A few inescapable facts staring out of the Mueller report at anyone who still wants to believe in Trump:
(1) The “fake news” was right. Again and again, reporting by the New York Times, Washington Post, Wall Street Journal, CNN, NBC, and the rest is corroborated by contemporaneous records and the testimony of sworn eye-witnesses facing jail time if they lied — the same people who were the supposedly made-up anonymous sources for reporters. The “fake news” about Trump turned out to be as real as it gets.
(2) “Spying” (aka legal, court-ordered surveillance) doesn’t play a role in the report. As Watergate prosecutor Nick Akerman has pointed out, the federal indictments of Russians were full of evidence obtained by (legal) surveillance, but the Mueller report is based on testimony and documents.
(3) The same report that the president claims is a “complete and total” exoneration (BTW can someone explain the difference between “complete” and “total?”) can’t be phony, as the president also claims.
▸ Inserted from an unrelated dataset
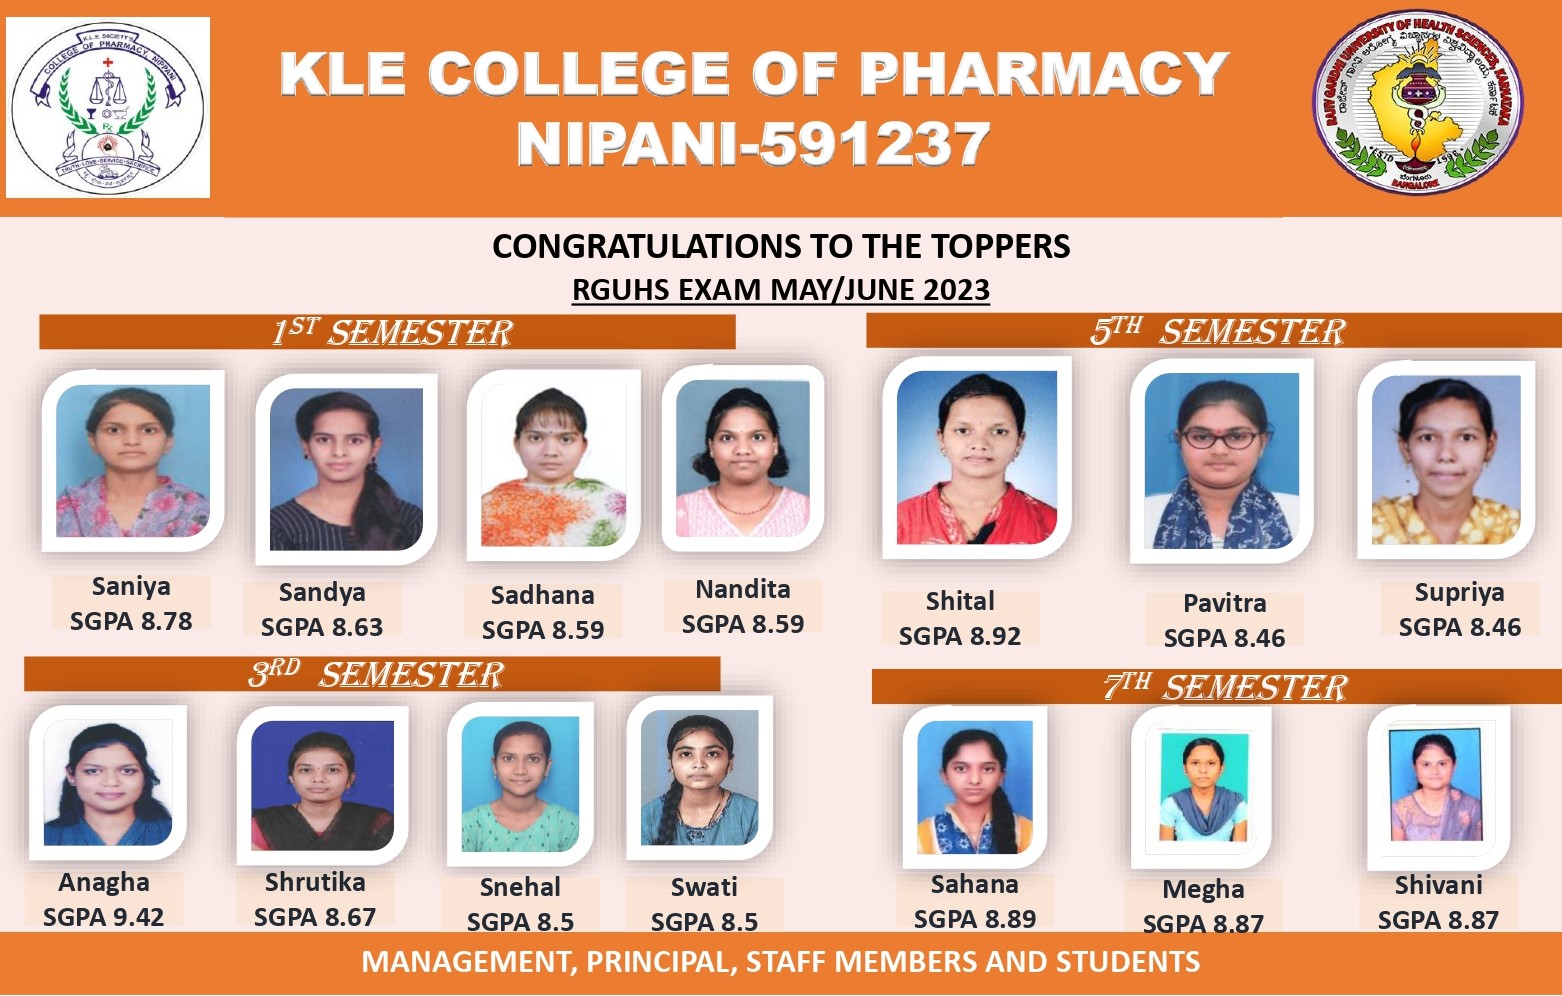 RGUHS Exam May/June 2023 Toppers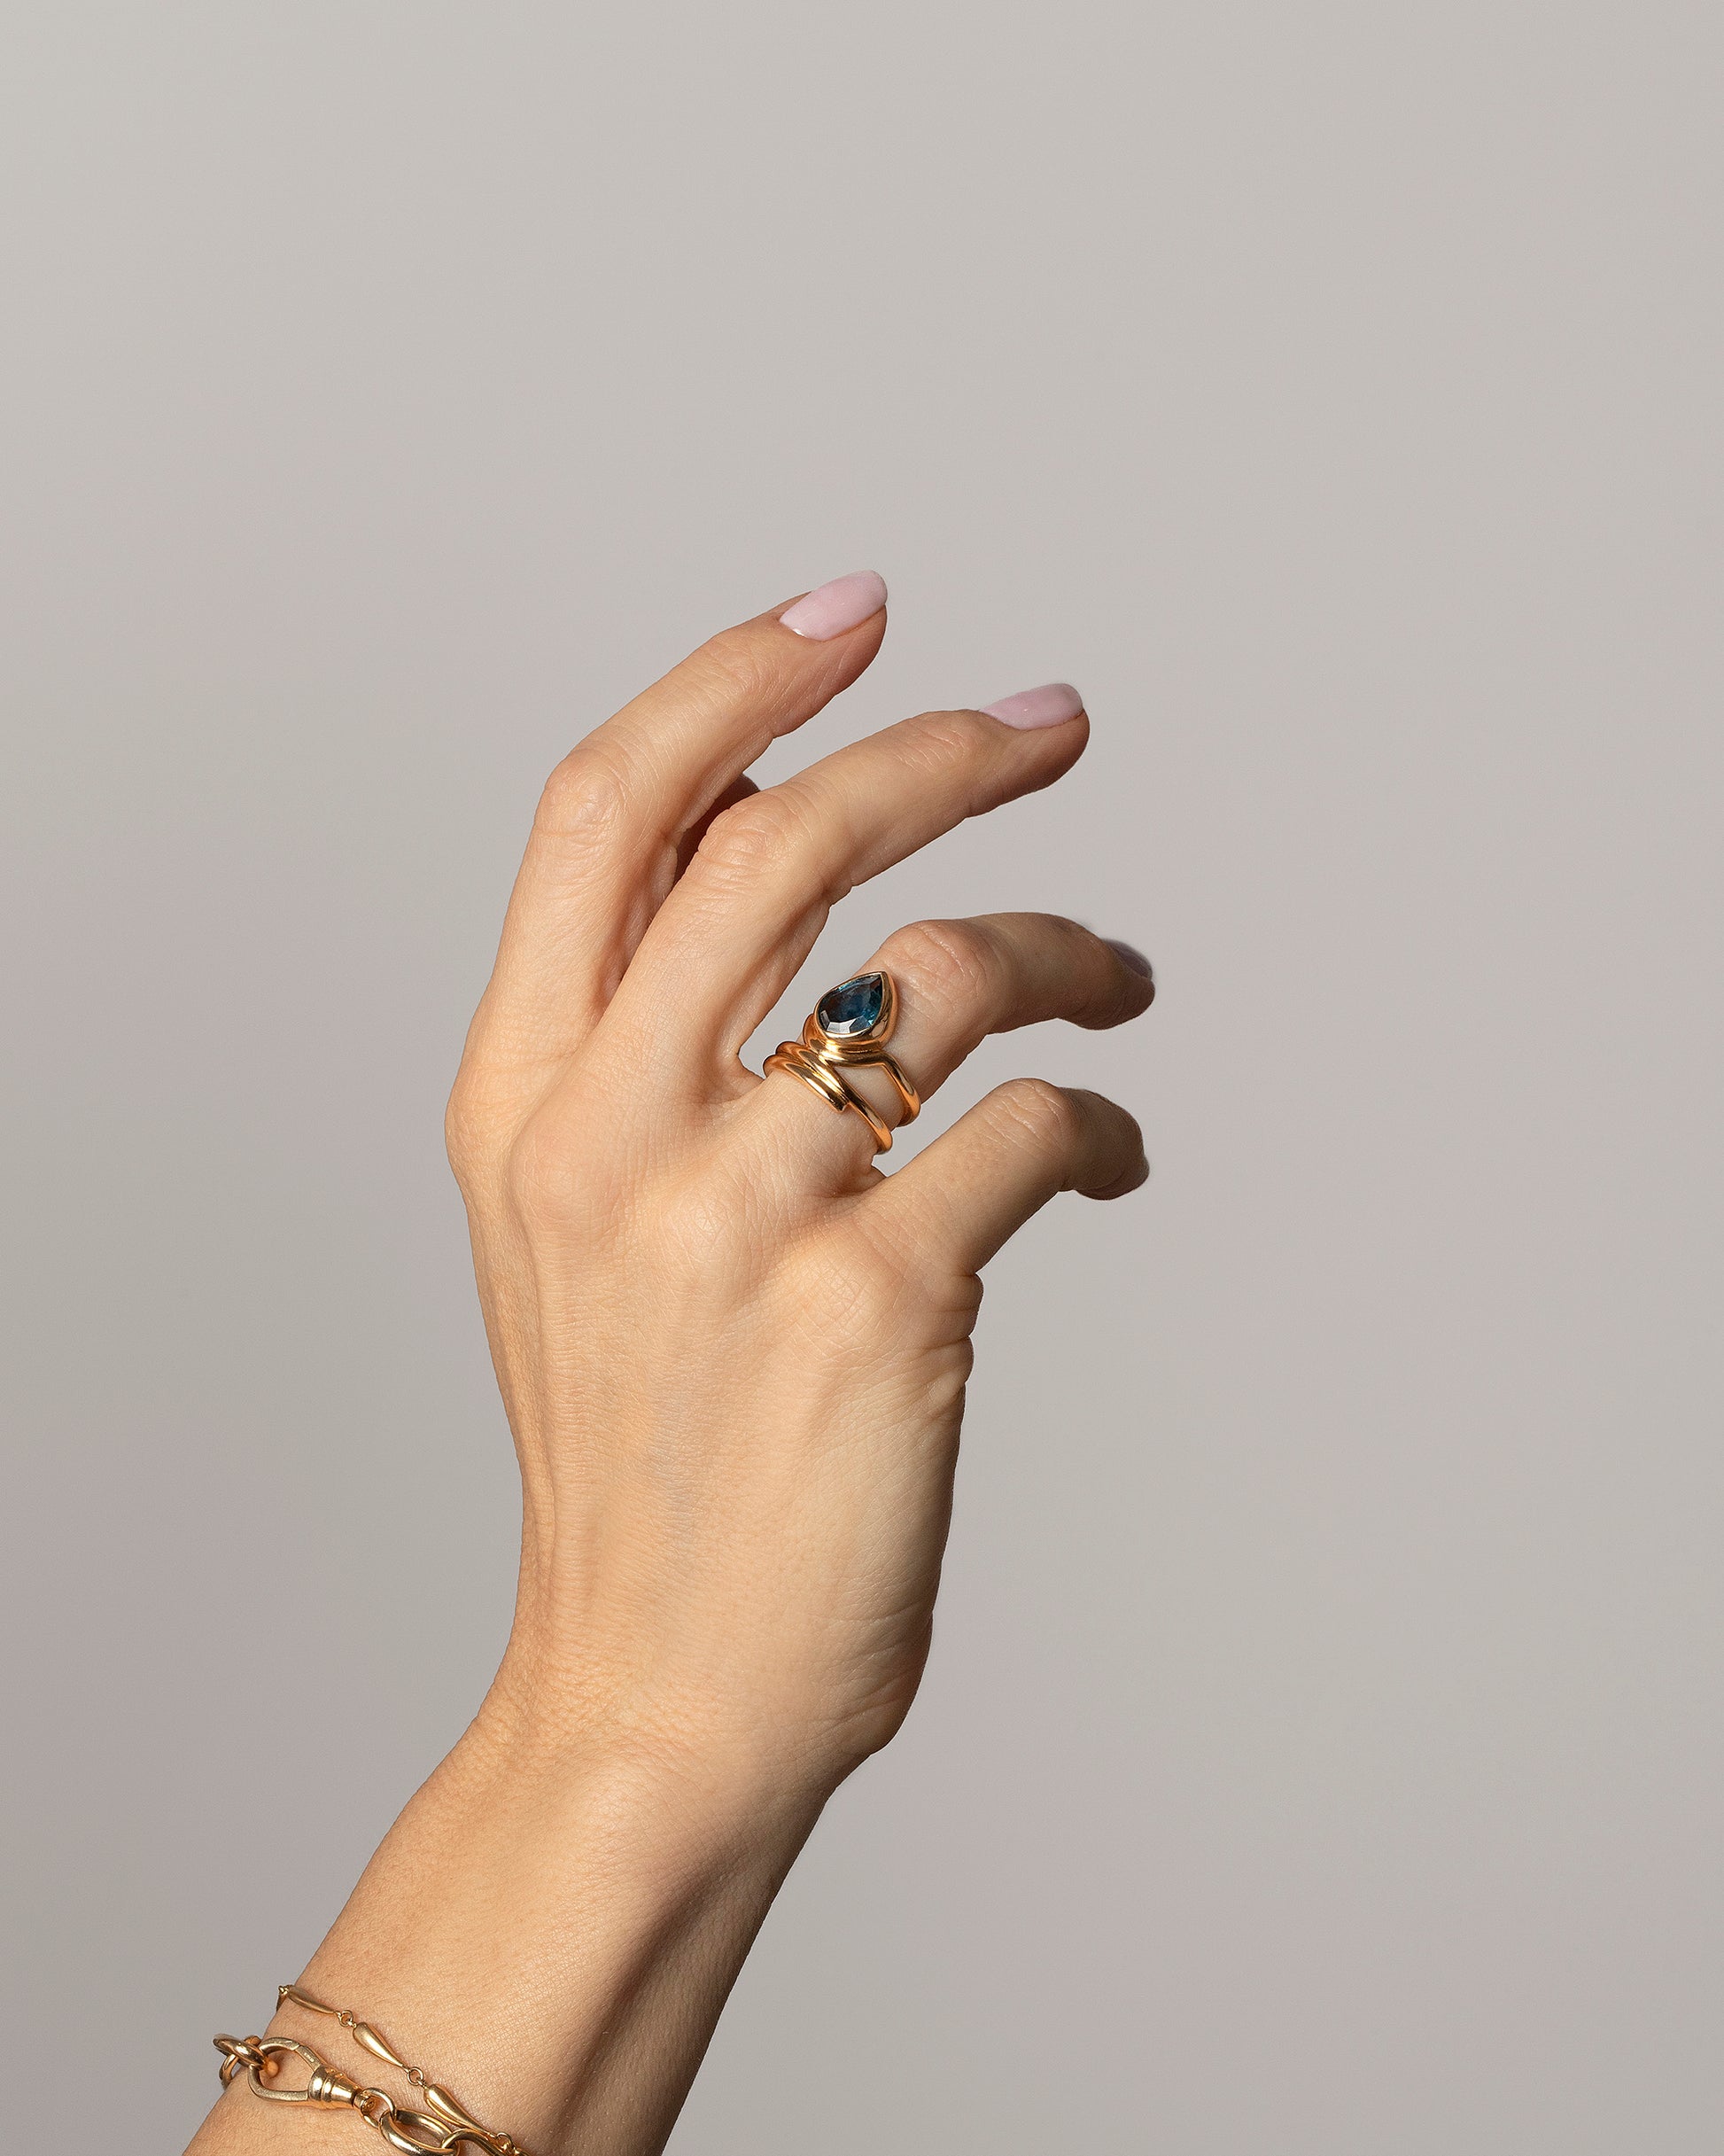 Editorial photo of model wearing the Bell Ring.

Mueller can’t be both “honorable” and a “dirty cop.”
(4) The President of the United States is a fraud: both dishonest and incompetent. The report shows him repeatedly lying, instructing others to lie for him, attempting to commit crimes, and often being saved by how bad he is at it. President Trump is the demagogue the founders warned us about: corrupt and unqualified, possessed only of what Hamilton described as “talents for low intrigue, and the little arts of popularity” (Federalist 68). None of this is surprising to anyone who saw the reality of Trump’s business career as opposed to the reality TV show version — basically, the entire City of New York. But it should be shocking, and disqualifying, when seen in a president.
How TV Has Changed Us: Barr Didn’t Need to Make an Argument, Just a Video Clip
What we saw from Barr yesterday was a deeply cynical exploitation of how television has changed us. Barr wasn’t trying to make an argument — he knew he didn’t have to. Instead, he was just trying to make a video clip.
I doubt if he was worried about anyone exposing the hollowness of his repeated assertions of “No collusion,” echoing those of his client. He had to know discovery was waiting within minutes of anyone reading the document he was about to release. But he could count on most of us not reading.
Instead, we consume video clips, which don’t even open a case before closing it. They sidestep thought altogether and function like incantations: “This is true because it becomes true when we say it.”
So the point of Barr’s appearance was only in the appearance itself, how he looked and sounded: the blandly reassuring mask of the bureaucrat, the measured rhythm and downward cadences, the podium, the suit, and the suits behind him.
The only flaw: one of those other suits, Rosenstein. We couldn’t know what was going through his mind, but we couldn’t escape how he looked: like someone staring into a mirror and discovering nothing there.